_Exercise instructions_. Everything from the line with "Morocco, Tiznit, Ida" to the line with "Beynac Castle, France" in the listing below, both lines included, needs to be copied exactly, apart from the pictures.

_Information supplied_.
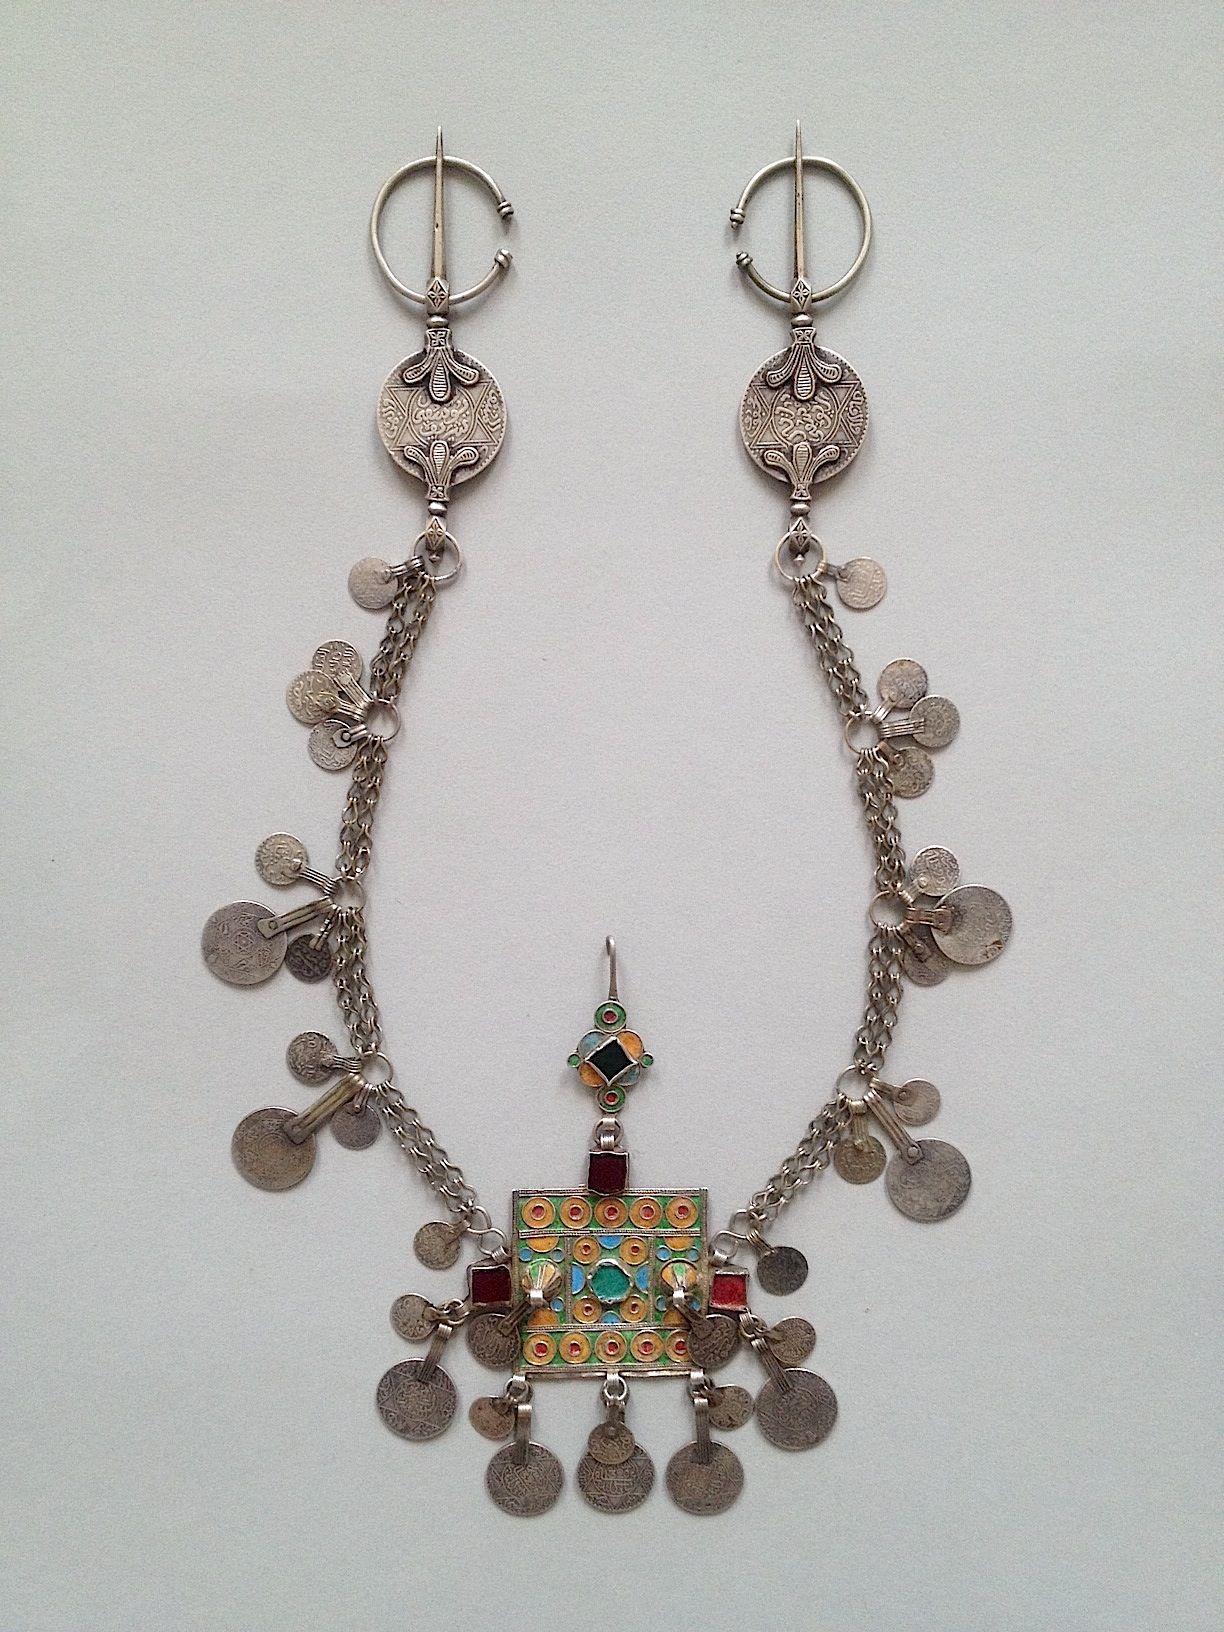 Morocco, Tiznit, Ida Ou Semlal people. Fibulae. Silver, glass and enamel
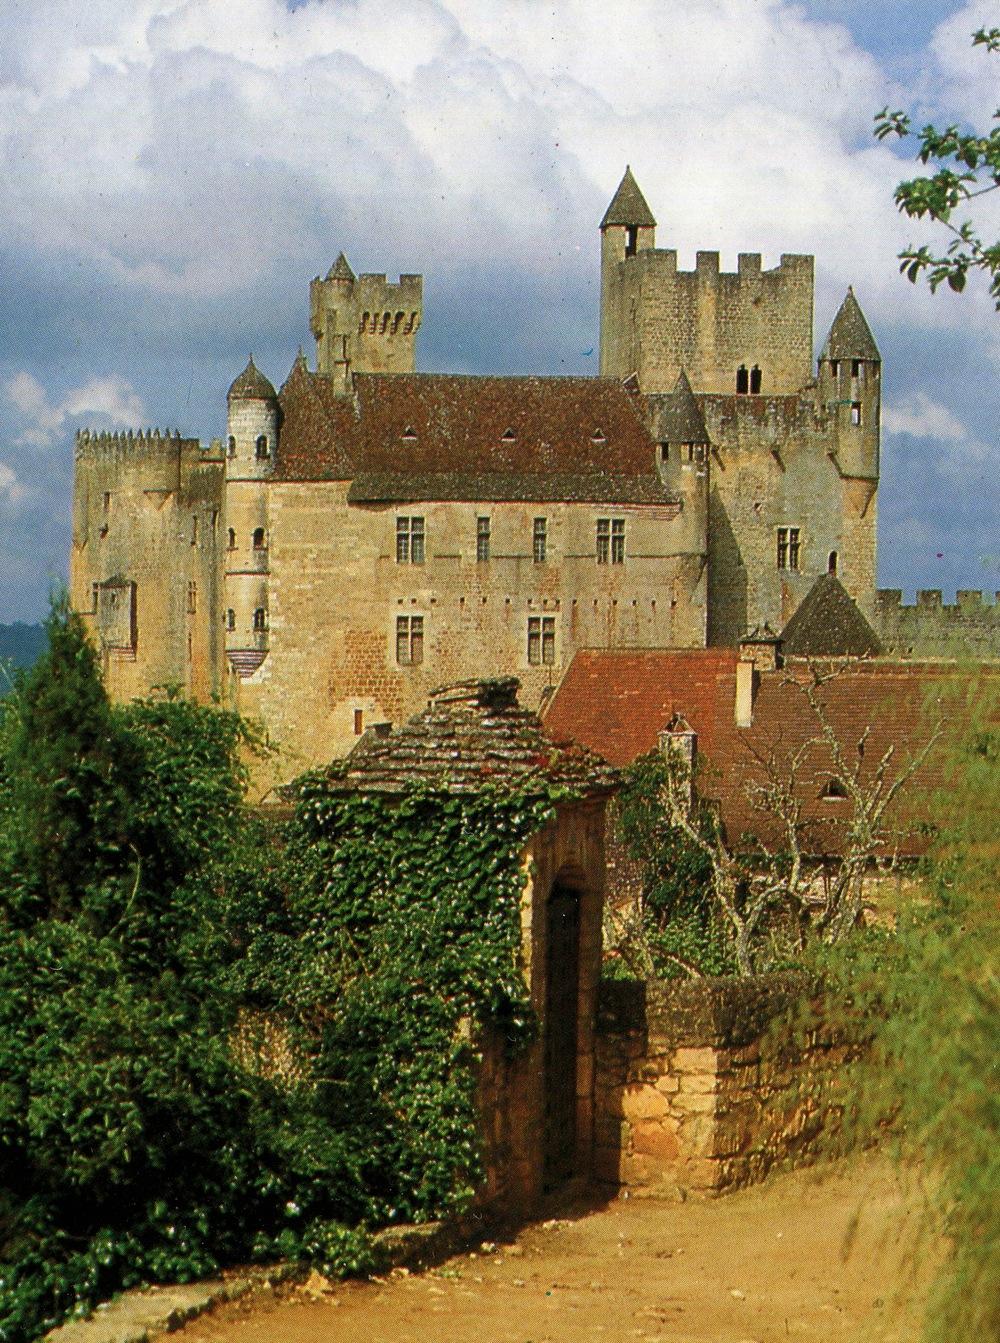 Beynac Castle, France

==

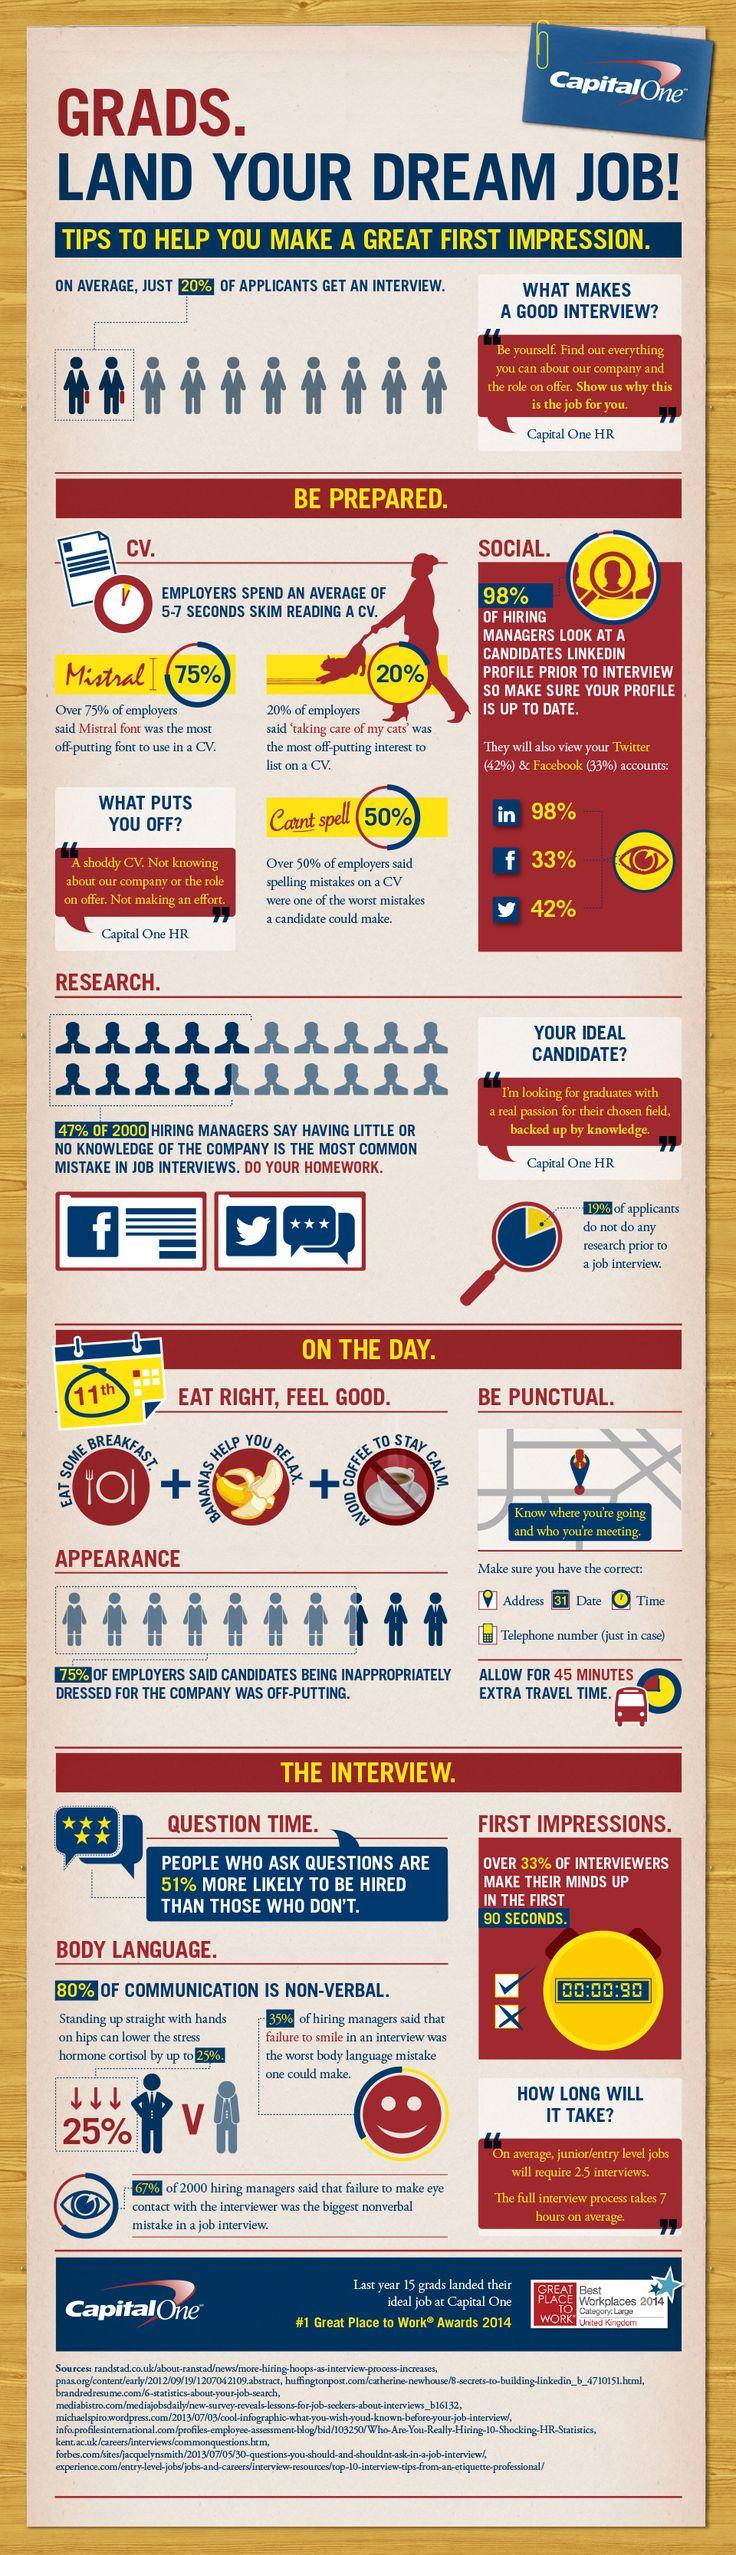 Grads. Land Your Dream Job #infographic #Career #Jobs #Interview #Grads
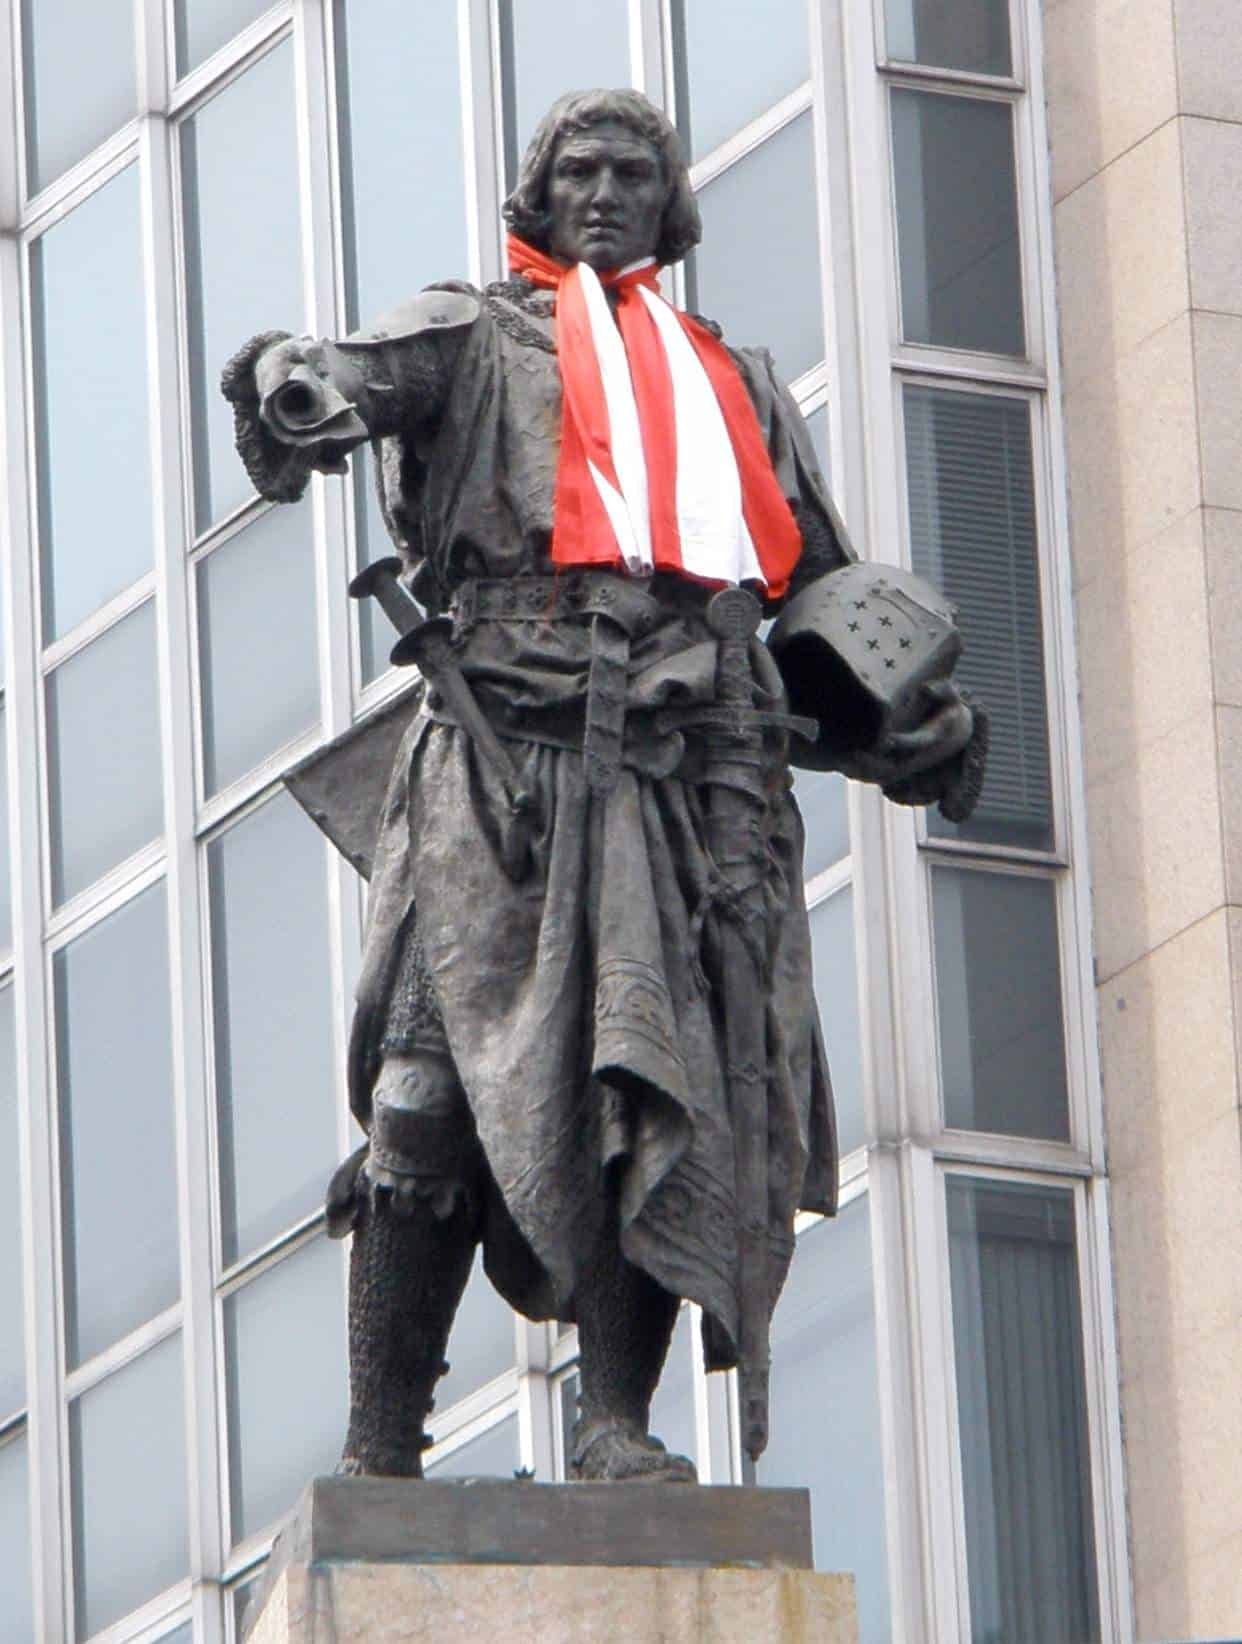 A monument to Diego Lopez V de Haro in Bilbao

_Answer box_.
 Morocco, Tiznit, Ida Ou Semlal people. Fibulae. Silver, glass and enamel
 Beynac Castle, France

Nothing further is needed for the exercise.